Troutman Pepper

Since April 2020, many health care providers have received payments from the CARES Act Provider Relief Fund (PRF) in the form of general or targeted distributions. Many providers have questions about receiving and using these funds, as well as ongoing compliance requirements. The Department of Health and Human Services (HHS) is continuing to update its list of frequently asked questions, with changes as recent as July 30. Highlighted below are some of the more interesting clarifications that were issued in July.

Provider Relief distributions paid to for-profit providers are taxable.

Recently, the IRS issued guidance in the FAQ section of its website stating that payments from the PRF did not qualify as qualified disaster relief payments under section 139 of the Internal Revenue Code, and thus were taxable income to health care providers that are not tax-exempt entities. The IRS also confirmed that, for tax-exempt health care providers, PRF payments could be taxable income if these payments were made to reimburse expenses or lost revenue with respect to an unrelated trade or business of the tax-exempt entity. In the absence of a legislative fix to specifically exclude these relief payments from income, the most prudent course of action would be to treat PRF payments as taxable income.

More detailed reporting requirements are expected on August 17, 2020.

Recipients of PRF payments must file periodic reports as set forth by the Health Resources and Services Administration (HRSA). It is anticipated that those providers that received less than $10,000 in the aggregate, or that rejected or returned the PRF payments sent to them, have no further obligations to report at this time.

In a July 20 notice, the HRSA announced its intention to issue on August 17, 2020 policies and procedures for the reporting requirement for PRF payment recipients. Both “general” distribution and “targeted” distribution recipients will have obligations to report and demonstrate compliance with the terms and conditions agreed to by the recipient, including using the PRF payments for allowable purposes. As additional details are published on August 17, providers may look more closely at their use of the PRF payments and make strategic decisions about how to use any remaining funds. Outside auditors will want to confirm that providers are compliant with the new reporting standards.
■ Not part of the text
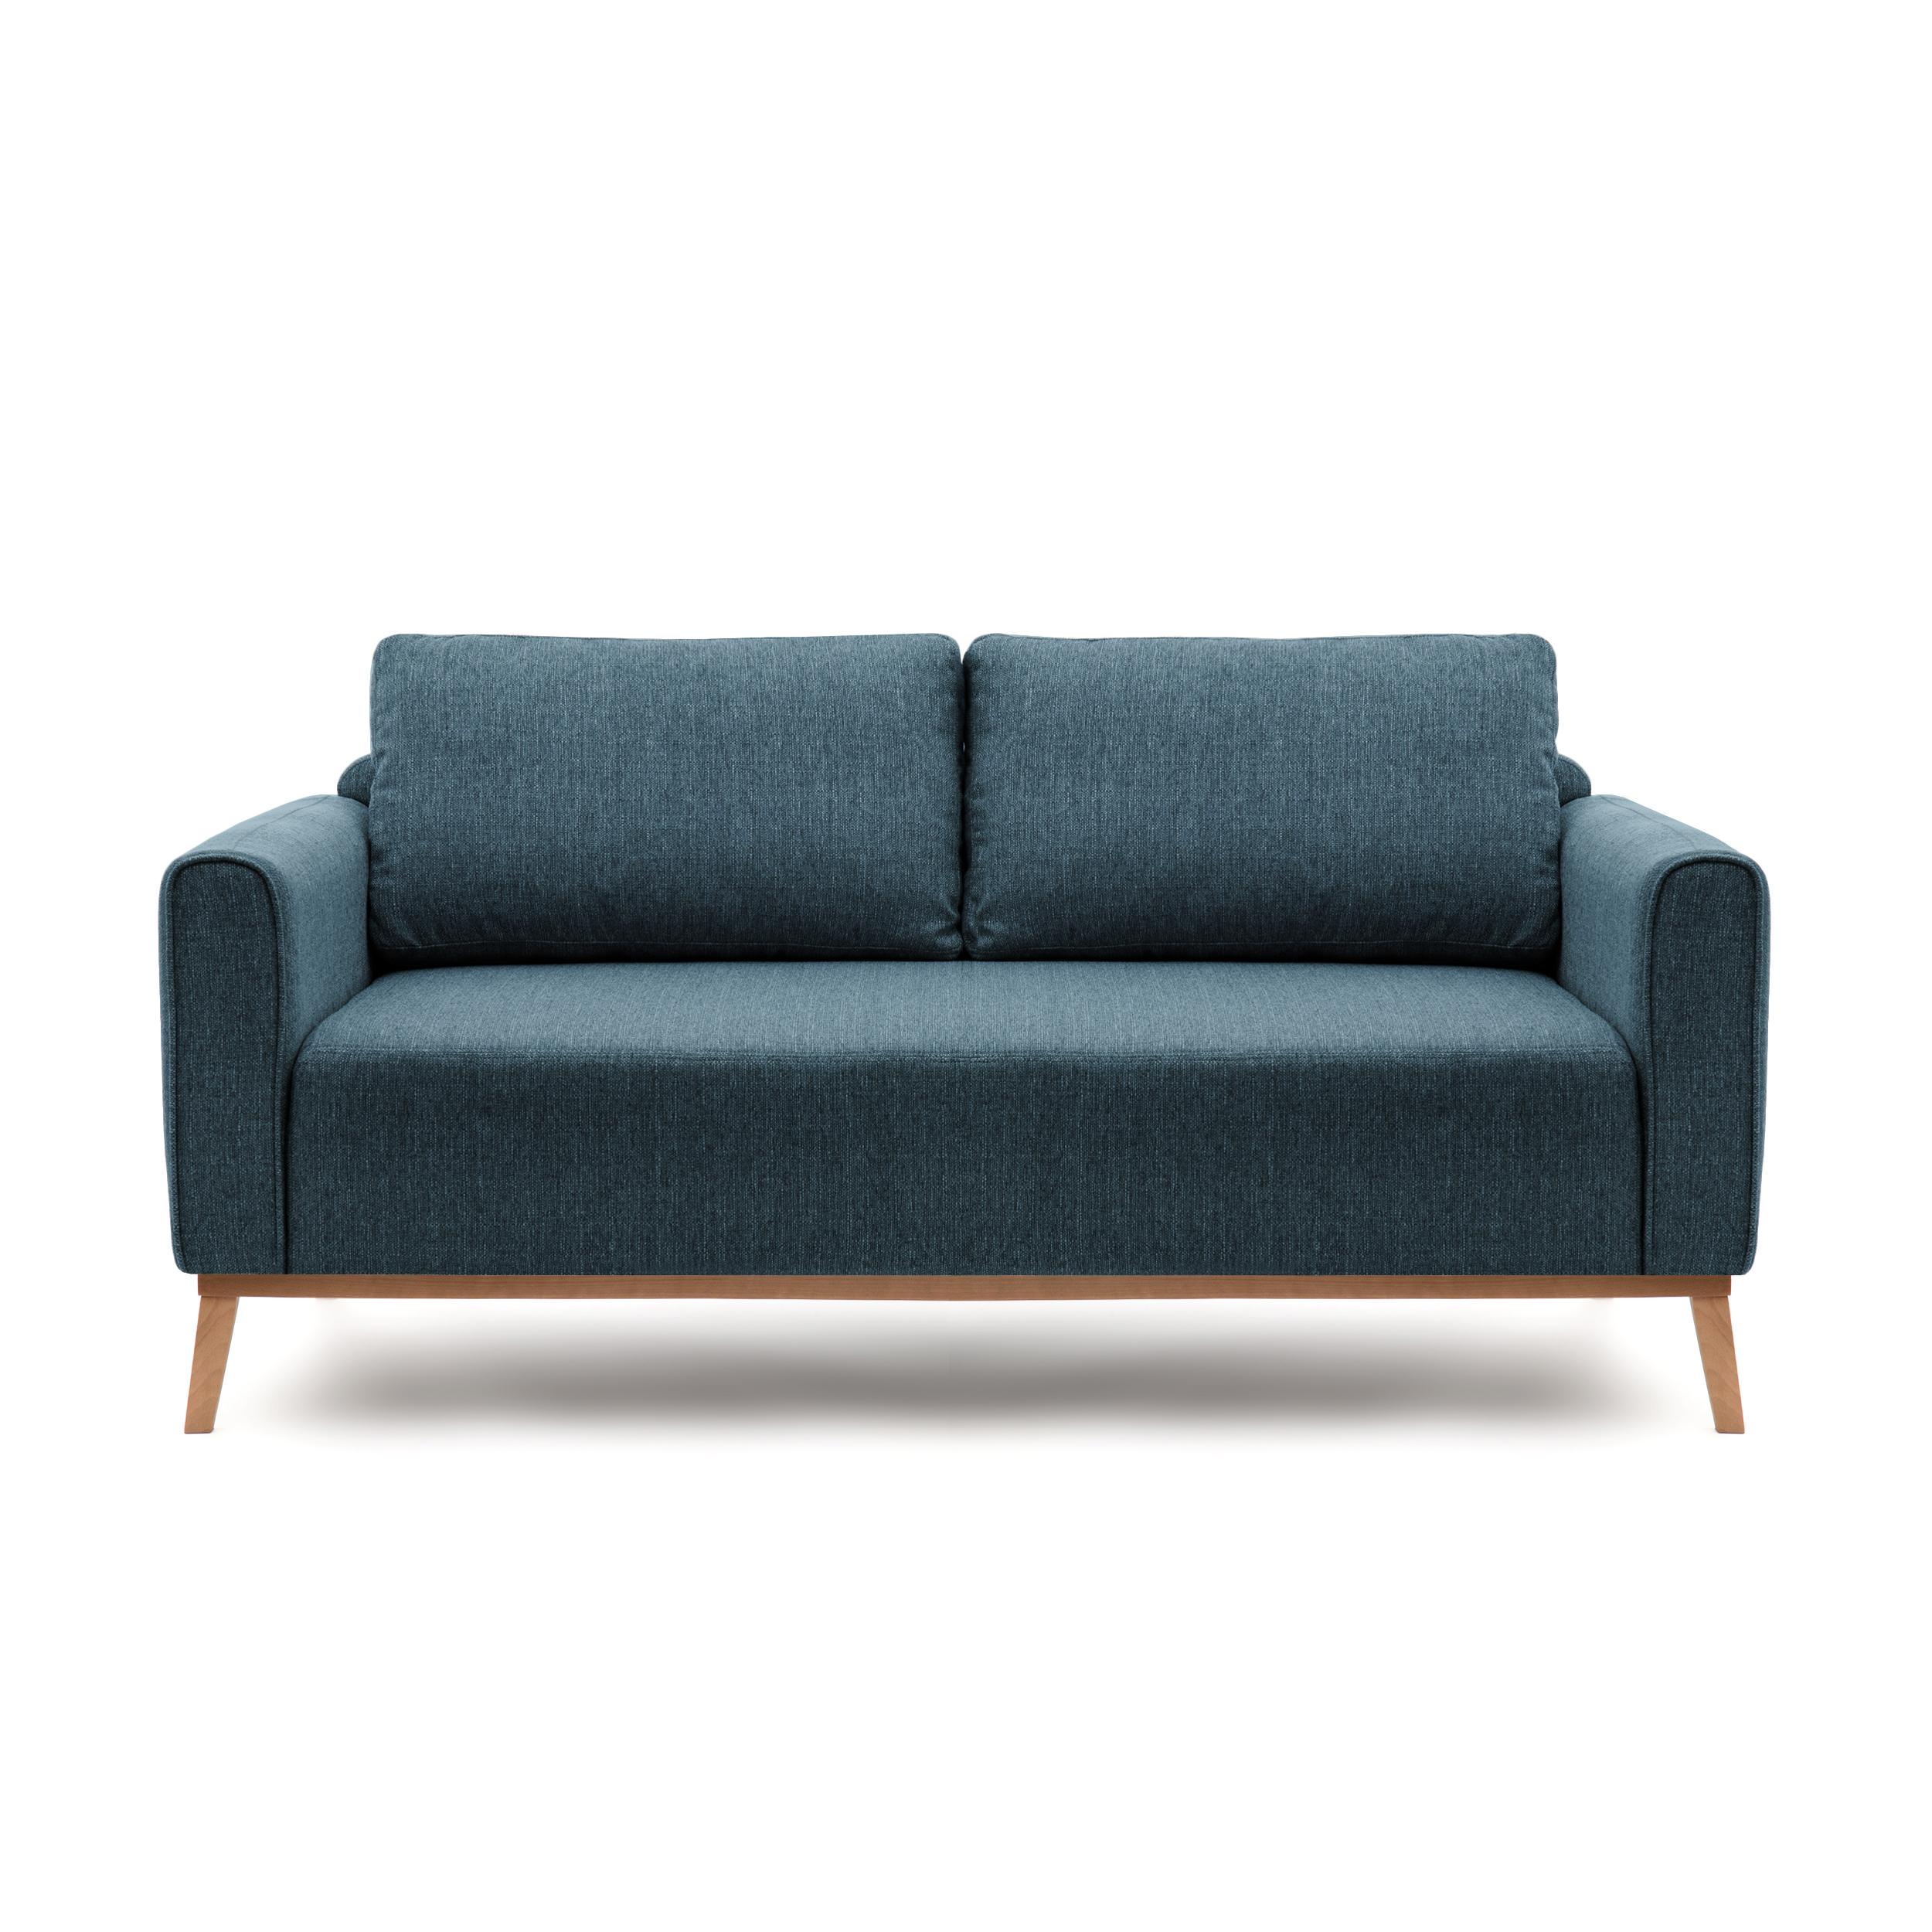 Canapea Fixa 3 locuri Milton Marine Blue

Clarifications on allocating PRF payments between parent organizations and subsidiaries.

Parent organizations that wish to allocate PRF payments to subsidiary organizations will be able to do so with general distribution funds, but they will not be able to share targeted distribution funds. Recent guidance from HHS indicates that only the organization that qualified for a targeted distribution payment may control and use the funds.

General distribution payments, however, may be allocated by a parent organization to various subsidiaries at its discretion. Parent organizations that exercise this discretion will want to have proper mechanisms in place to monitor and, potentially, review how their subsidiaries use the funds allocated to them. They may even want to require the leadership of these subsidiaries to sign a mini-attestation certifying that the funds were used only to cover increased COVID-19 expenses or losses, and/or require the submission of reports documenting their use.

For-profit providers that received PRF payments may be subject to single-audit requirements.

For-profit providers that received $750,000 or more in total PRF payments must undertake: (1) a financial audit of the payments conducted in accordance with Government Auditing Standards; or (2) a single audit in conformance with the requirements of 45 C.F.R. 75, subpart F. In determining the total amount of PRF payments received, the provider must include both general and targeted distribution payments, and uninsured testing and treatment reimbursement payments. Because this may be the first time a provider is subject to these auditing requirements, providers that received more than $750,000 in PRF payments should consult their accountants about the content and timing of these audits.

PRF payments cannot be transferred as part of an asset purchase.

As providers begin to revisit mergers and acquisitions that were being negotiated before the pandemic and to look at new transactions, they have asked about the ability to transfer PRF payments as part of an asset purchase. PRF payments cannot be transferred to the purchaser of a provider’s assets. The payments must be used by the provider to fund its eligible expenses and lost revenues. If the provider does not use all of the payments for a COVID-19 purpose, then the provider must return any unused funds to HHS. If, however, the transaction is an equity purchase (e.g., a purchase of the provider entity’s stock or membership interests), then the provider may continue to use the funds, regardless of its new owner. Any representations, warranties, or indemnifications related to PRF payments should be carefully reviewed by the provider’s counsel.